What is Constant Memory?

The CUDA language makes available another kind of memory known as constant memory. As the name may indicate, we use constant memory for data that will not change over the course of a kernel execution.

Why Constant Memory?

NVIDIA hardware provides 64KB of constant memory that it treats differently than it treats standard global memory. In some situations, using constant memory rather than global memory will reduce the required memory bandwidth.


Where the Constant memory resides in GPU ?

Fig will shown you, where the constant memory resides in GPU 



How does Constant memory speed up your CUDA code performance?

There is a total of 64 KB constant memory on a device. The constant memory space is cached. As a result, a read from constant memory costs one memory read from device memory only on a cache miss; otherwise, it just costs one read from the constant cache.
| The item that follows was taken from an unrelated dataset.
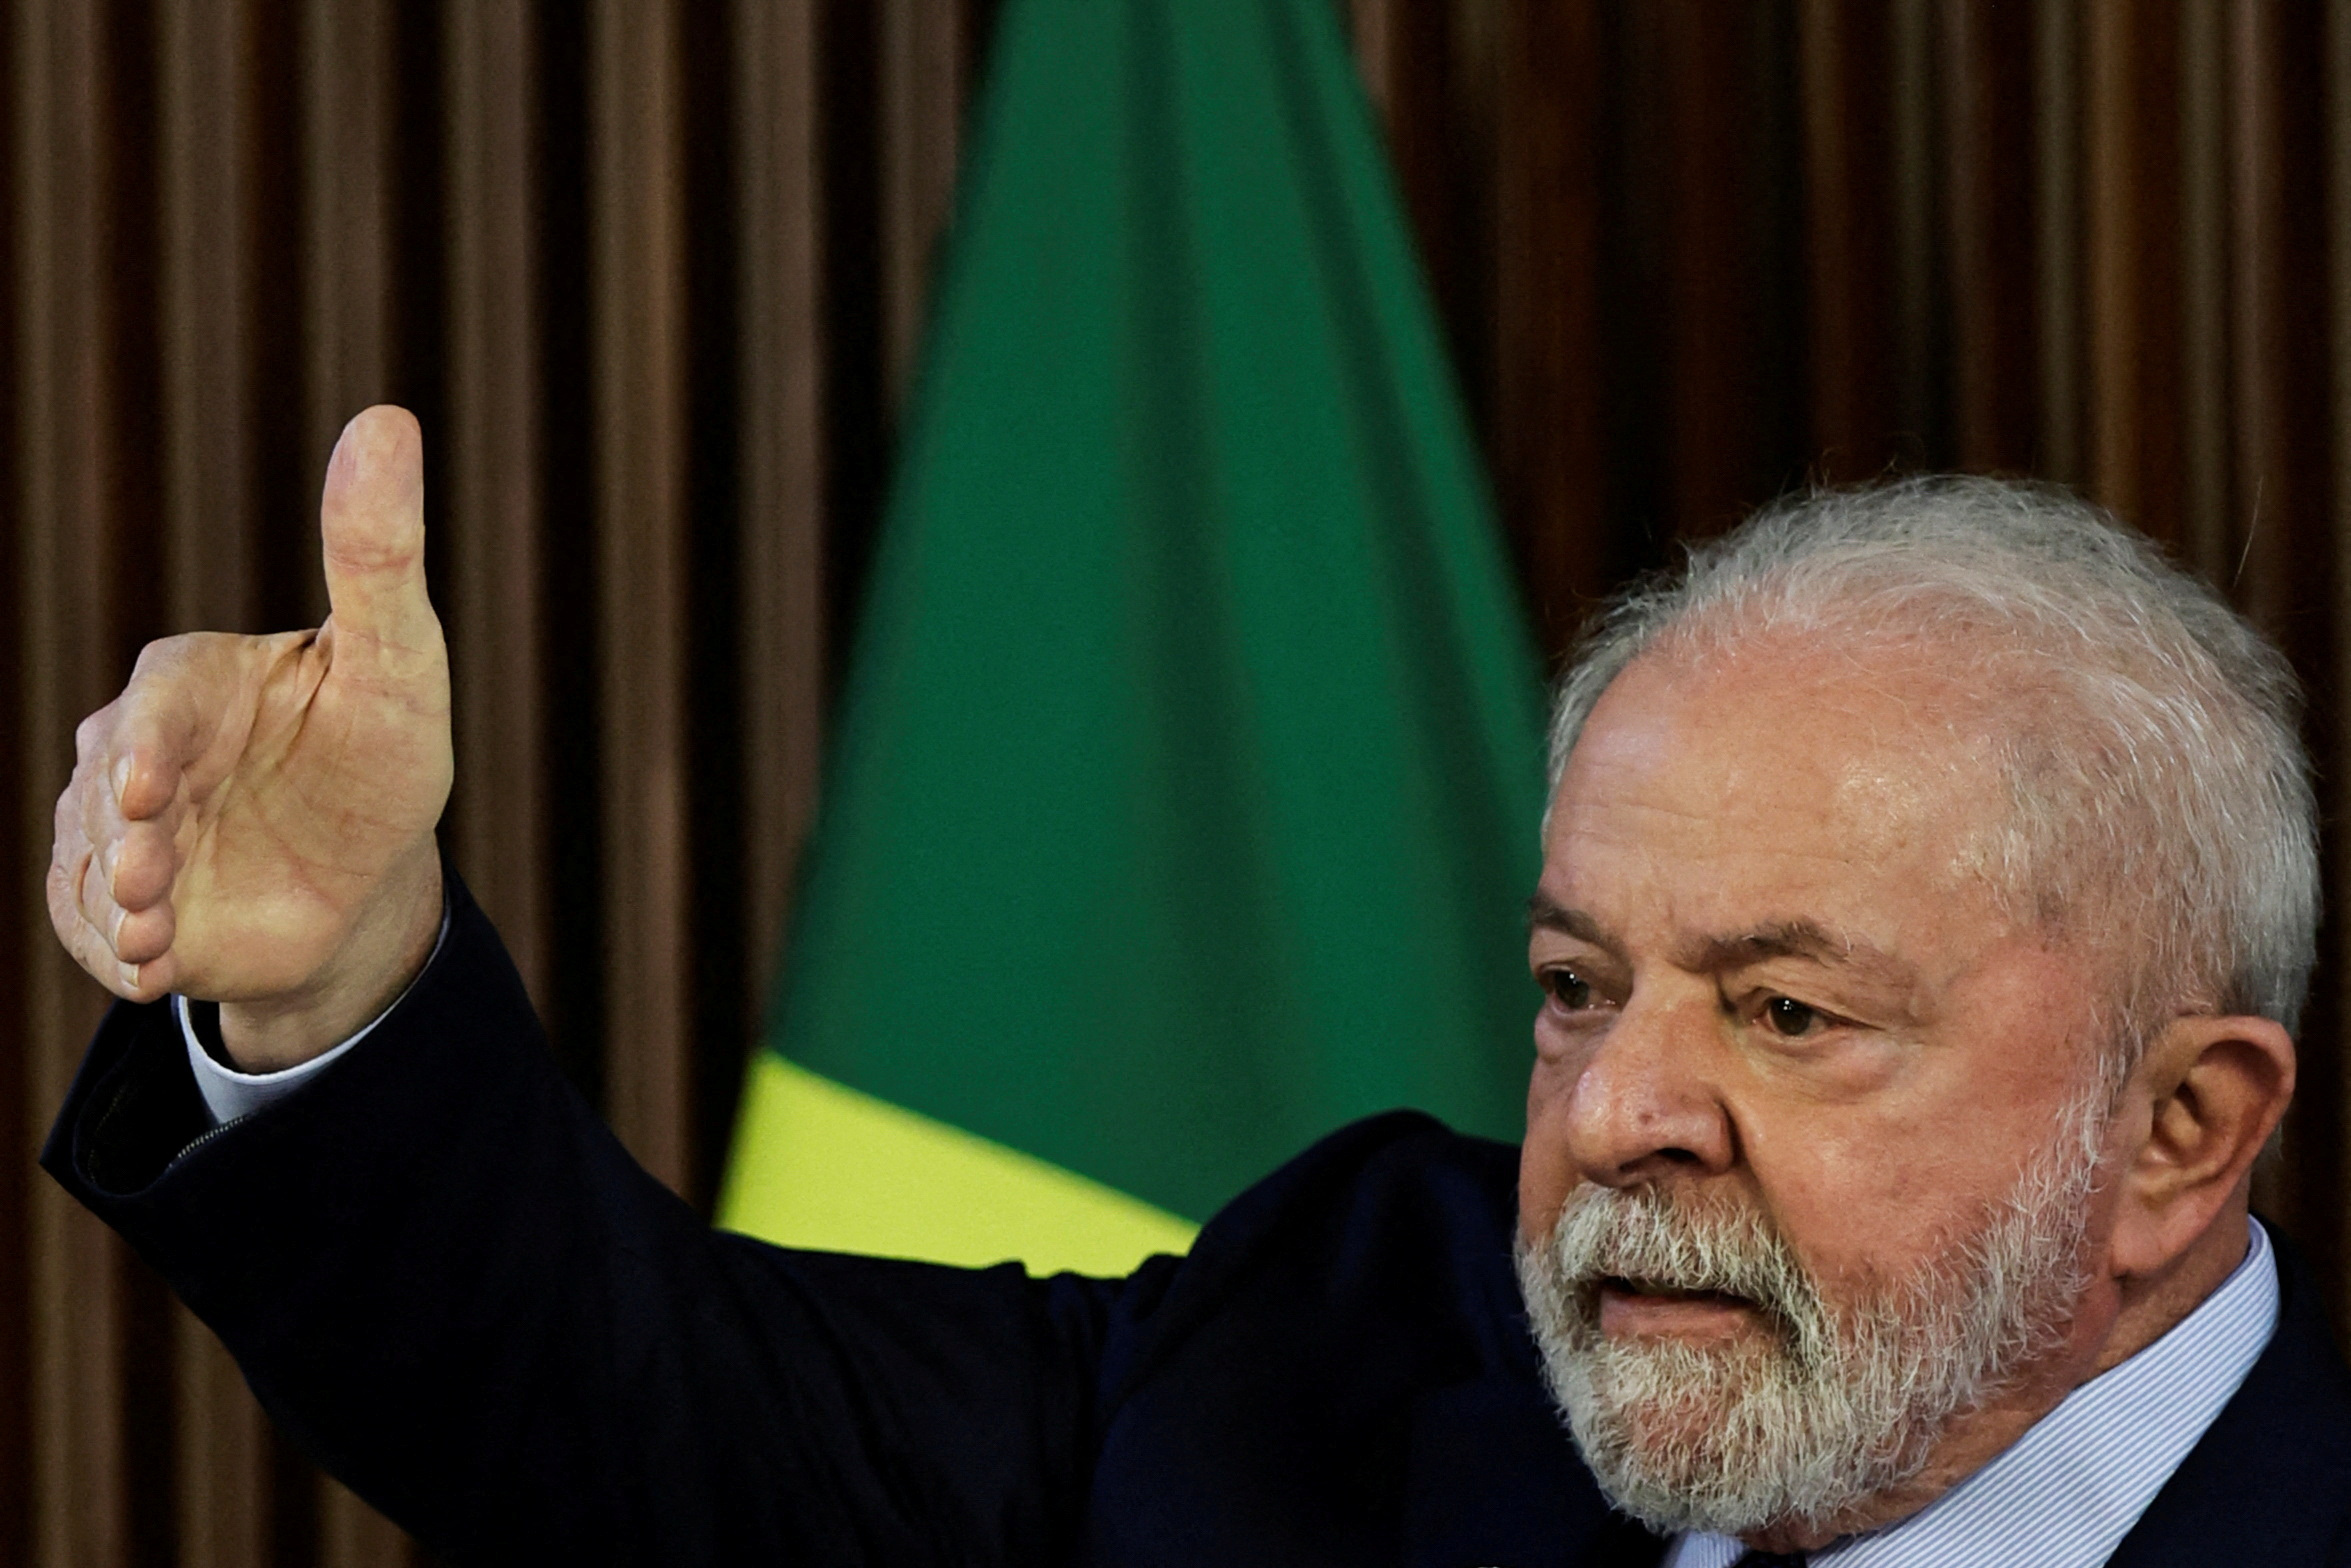 FOTO DE ARCHIVO: El presidente de Brasil, Luiz Inacio Lula da Silva, gesticula durante una reunión con los gobernadores, en el Palacio Planalto en Brasilia, Brasil, el 27 de enero de 2023. REUTERS/Ueslei Marcelino/Foto de archivo

Advantage along with disadvantage

For all threads of a half warp, reading from the constant cache is as fast as reading from a register as long as all threads read the same address. Accesses to different addresses by threads within a half warp are serialized, so cost scales linearly with the number of different addresses read by all threads within a half warp.
The constant memory space resides in device memory and is cached in the constant cache mentioned in Sections F.3.1 and F.4.1 see CUDA C Programming Guide for details.


How does Constant memory works in CUDA?
Working of Constant memory is divided in Three steps which are as follows.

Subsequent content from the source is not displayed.